Moti: I’m victim of political conspiracy

Sacked Solomon Islands attorney-general Julian Moti is adamant the reason he is in a Queensland jail cell today is because his ego got the better of him at a Christmas party in Sydney three years ago, reports The Australian.
The Australian lawyer, arrested last Thursday night on child sex charges, claims he is innocent and a victim of a “politically motivated” conspiracy, hatched by the Howard government, to clip his growing influence as a backroom adviser to leaders throughout the Pacific.
Loaded up with a few cocktails, Moti, better known for hubris than any show of humility, boasted to fellow partygoers that he had recently been sounded out for the job as attorney-general of Solomon Islands.

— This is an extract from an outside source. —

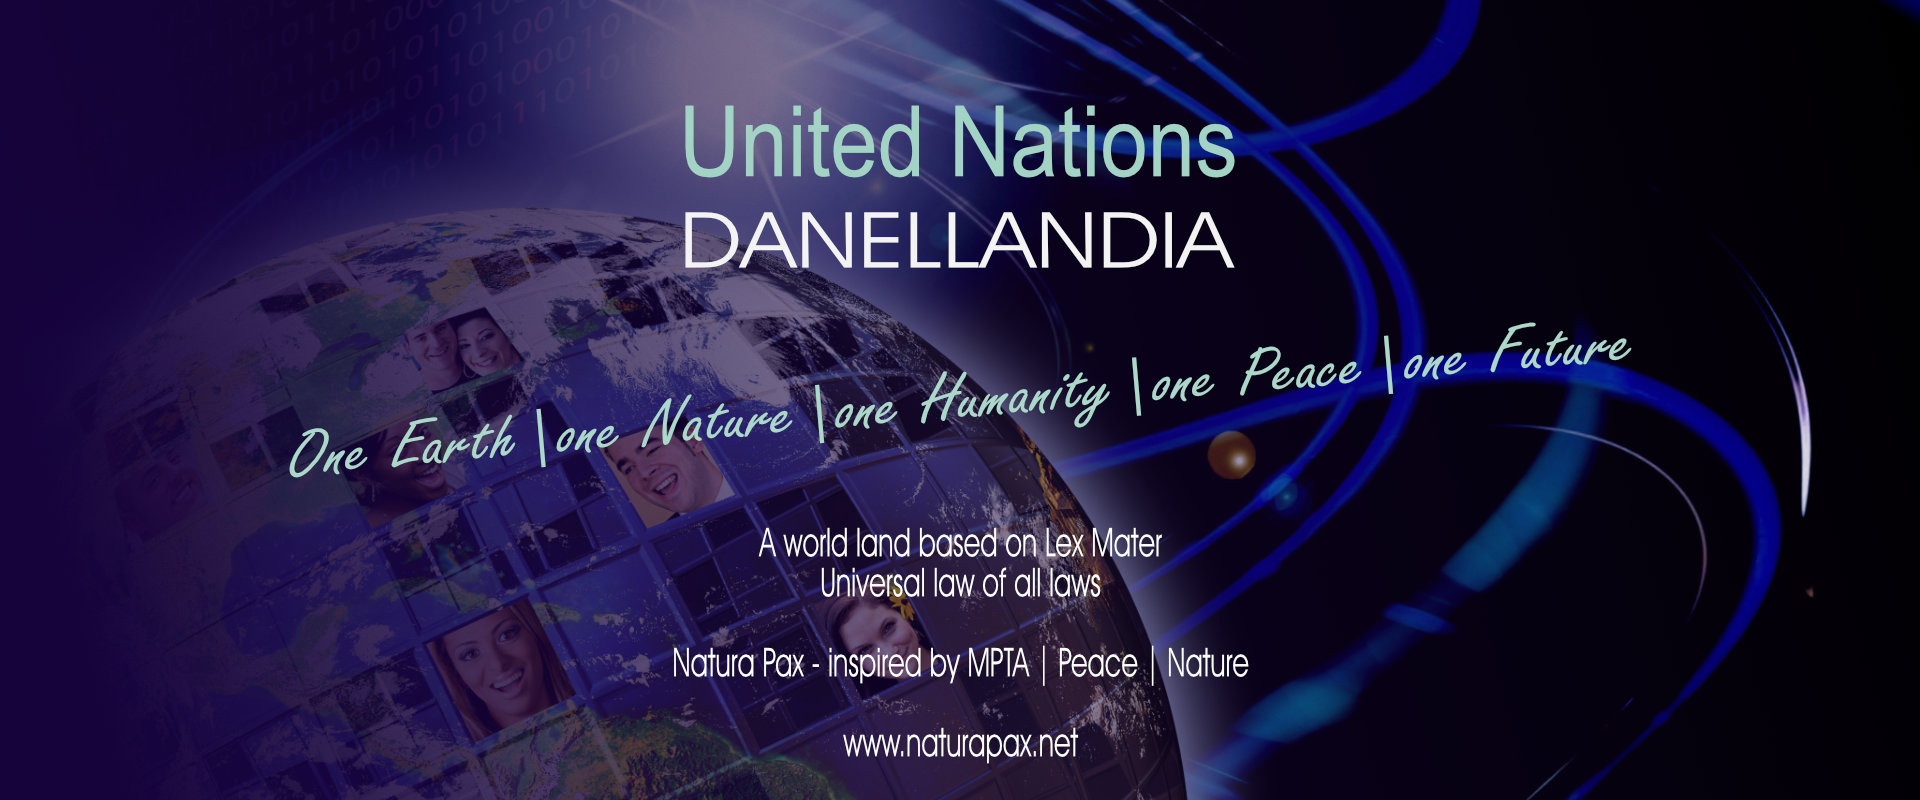 Call on United Nations
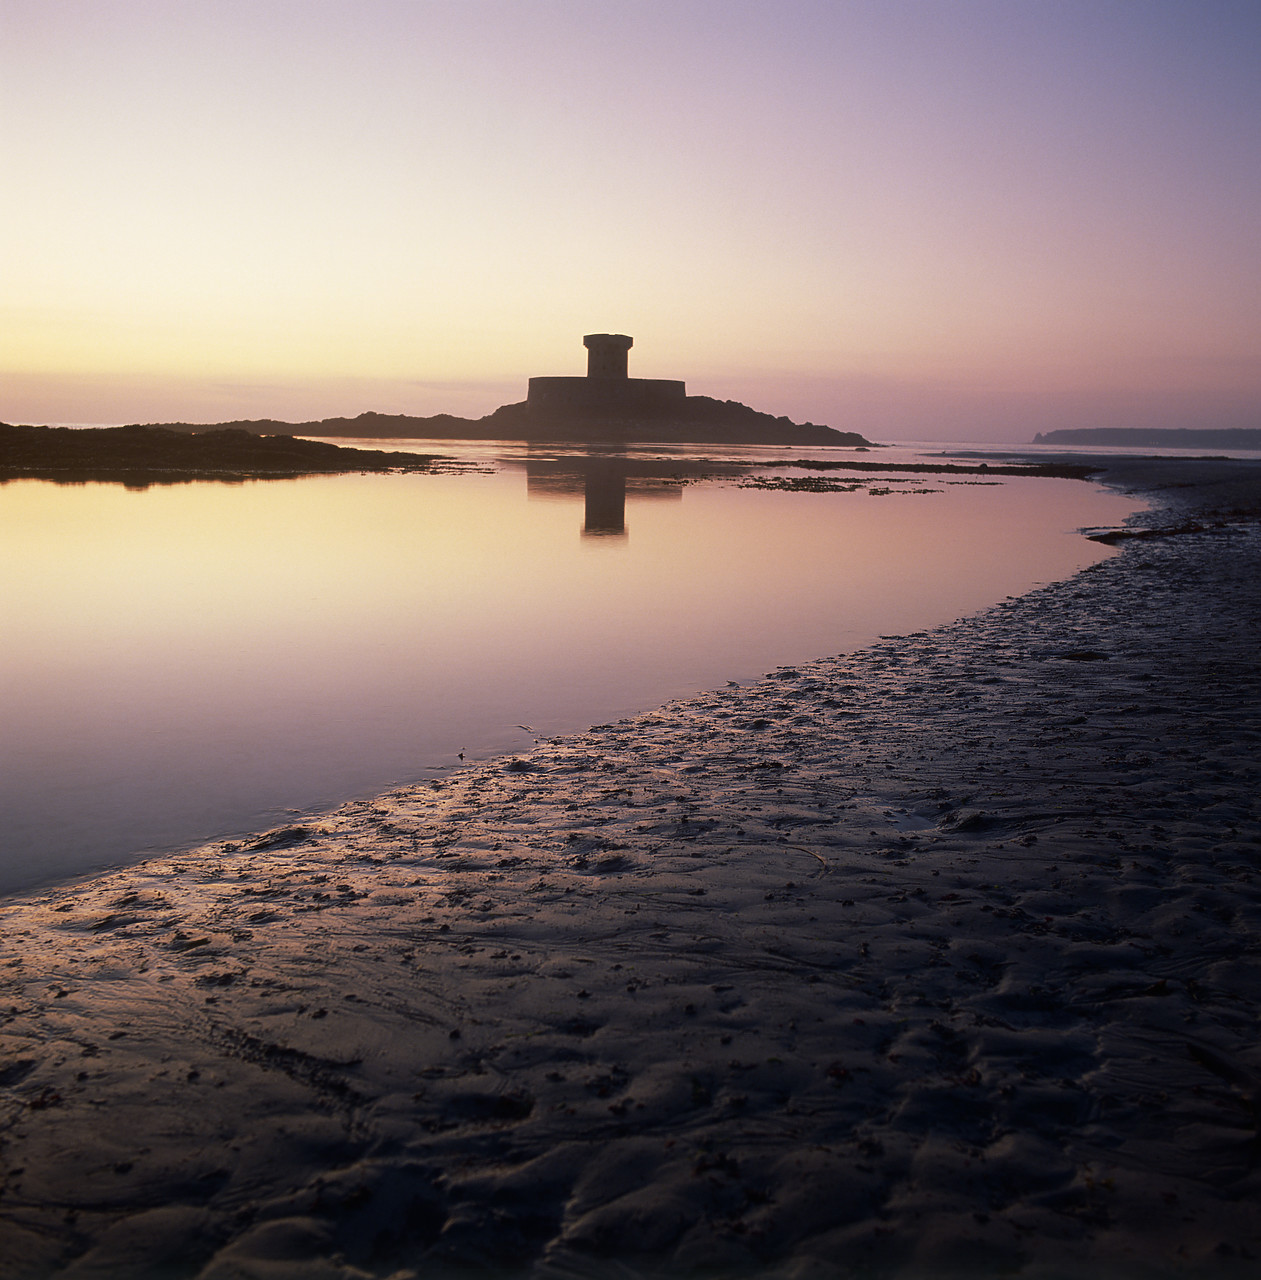 #934501-1 - La Rocca Tower at Sunset, Jersey, Channel Islands

The problem, according to Moti, was that mingling among the crowd of foreign diplomats, federal politicians and academics were a few senior bureaucrats from Australia’s department of foreign affairs and trade (DFAT).
In Moti’s mind, it was the beginning of a return to a dark moment in his past – now almost 10 years ago – when he was charged with sexually abusing the 13-year-old daughter of a business associate in Vanuatu, where he had set up a thriving legal practice.
The charges had been dismissed in 1999 by a Vanuatu magistrate.
But several weeks after the December 2004 party in Sydney, the Fijian-born lawyer, who is also an Australian citizen, claims the AFP began sniffing around Port Vila, Vanuatu’s capital, in a bid to “dredge up” the case.
The reason: he was regarded by Canberra as a “dissident”, a trusted adviser who would push the Pacific’s leaders to resist toeing Australia’s line in return for their aid money.
It is a claim that has been repeatedly dismissed by the AFP and former Howard government ministers, who insisted the investigation had to wait for the Vanuatu courts to finalise the case with several hearings, including over court costs.
But the conspiracy theory is likely to dominate Moti’s defence after he was charged by Queensland police under Australia’s Child Sex Tourism Act.
Moti is also likely to attack his accuser, now 23, and others – including her brother and Moti’s housemaid, who have given statements that were not taken in the initial prosecution.
Moti has claimed that there were major discrepancies in the statements and that the AFP coached the complainant and witnesses during interviews in Brisbane and Vanuatu over the past 18 months.
But even before facing a jury, Moti is likely to claim he cannot get a fair
trial because of the publicity surrounding the case – including the public attacks of former Australian foreign affairs minister Alexander Downer.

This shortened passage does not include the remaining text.